= Try it =
Word for word, return the lines from the start of the entries below through the line that has "Contact CAPS".

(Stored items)
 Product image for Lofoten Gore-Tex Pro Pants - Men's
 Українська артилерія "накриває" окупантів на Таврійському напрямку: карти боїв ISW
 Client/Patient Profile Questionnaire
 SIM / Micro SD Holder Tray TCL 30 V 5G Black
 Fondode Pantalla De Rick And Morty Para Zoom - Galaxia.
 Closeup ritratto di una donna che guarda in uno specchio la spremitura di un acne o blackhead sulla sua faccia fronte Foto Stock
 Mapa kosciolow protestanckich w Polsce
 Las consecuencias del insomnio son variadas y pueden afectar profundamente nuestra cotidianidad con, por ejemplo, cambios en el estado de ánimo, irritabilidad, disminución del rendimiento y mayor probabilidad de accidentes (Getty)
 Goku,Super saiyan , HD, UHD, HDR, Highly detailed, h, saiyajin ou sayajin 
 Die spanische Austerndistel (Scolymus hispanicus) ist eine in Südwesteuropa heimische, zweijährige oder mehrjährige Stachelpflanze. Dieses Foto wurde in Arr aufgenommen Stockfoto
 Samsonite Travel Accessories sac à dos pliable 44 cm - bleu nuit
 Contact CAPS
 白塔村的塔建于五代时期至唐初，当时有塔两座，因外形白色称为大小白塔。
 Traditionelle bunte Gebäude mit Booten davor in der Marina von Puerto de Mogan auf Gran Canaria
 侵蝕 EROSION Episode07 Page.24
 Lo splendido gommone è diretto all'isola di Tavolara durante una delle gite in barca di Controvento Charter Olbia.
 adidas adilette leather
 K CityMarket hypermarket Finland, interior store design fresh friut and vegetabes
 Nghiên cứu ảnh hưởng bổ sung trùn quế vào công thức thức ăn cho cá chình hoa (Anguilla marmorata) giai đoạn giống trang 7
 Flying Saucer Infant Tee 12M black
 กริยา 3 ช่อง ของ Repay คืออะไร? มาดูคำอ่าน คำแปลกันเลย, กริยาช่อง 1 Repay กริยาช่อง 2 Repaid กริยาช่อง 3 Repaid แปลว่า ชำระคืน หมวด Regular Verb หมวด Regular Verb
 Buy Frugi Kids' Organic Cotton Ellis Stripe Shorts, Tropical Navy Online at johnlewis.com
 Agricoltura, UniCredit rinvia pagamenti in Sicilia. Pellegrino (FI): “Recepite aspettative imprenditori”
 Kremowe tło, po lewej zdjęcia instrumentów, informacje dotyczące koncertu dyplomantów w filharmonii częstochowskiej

= Completed task =
 Product image for Lofoten Gore-Tex Pro Pants - Men's
 Українська артилерія "накриває" окупантів на Таврійському напрямку: карти боїв ISW
 Client/Patient Profile Questionnaire
 SIM / Micro SD Holder Tray TCL 30 V 5G Black
 Fondode Pantalla De Rick And Morty Para Zoom - Galaxia.
 Closeup ritratto di una donna che guarda in uno specchio la spremitura di un acne o blackhead sulla sua faccia fronte Foto Stock
 Mapa kosciolow protestanckich w Polsce
 Las consecuencias del insomnio son variadas y pueden afectar profundamente nuestra cotidianidad con, por ejemplo, cambios en el estado de ánimo, irritabilidad, disminución del rendimiento y mayor probabilidad de accidentes (Getty)
 Goku,Super saiyan , HD, UHD, HDR, Highly detailed, h, saiyajin ou sayajin 
 Die spanische Austerndistel (Scolymus hispanicus) ist eine in Südwesteuropa heimische, zweijährige oder mehrjährige Stachelpflanze. Dieses Foto wurde in Arr aufgenommen Stockfoto
 Samsonite Travel Accessories sac à dos pliable 44 cm - bleu nuit
 Contact CAPS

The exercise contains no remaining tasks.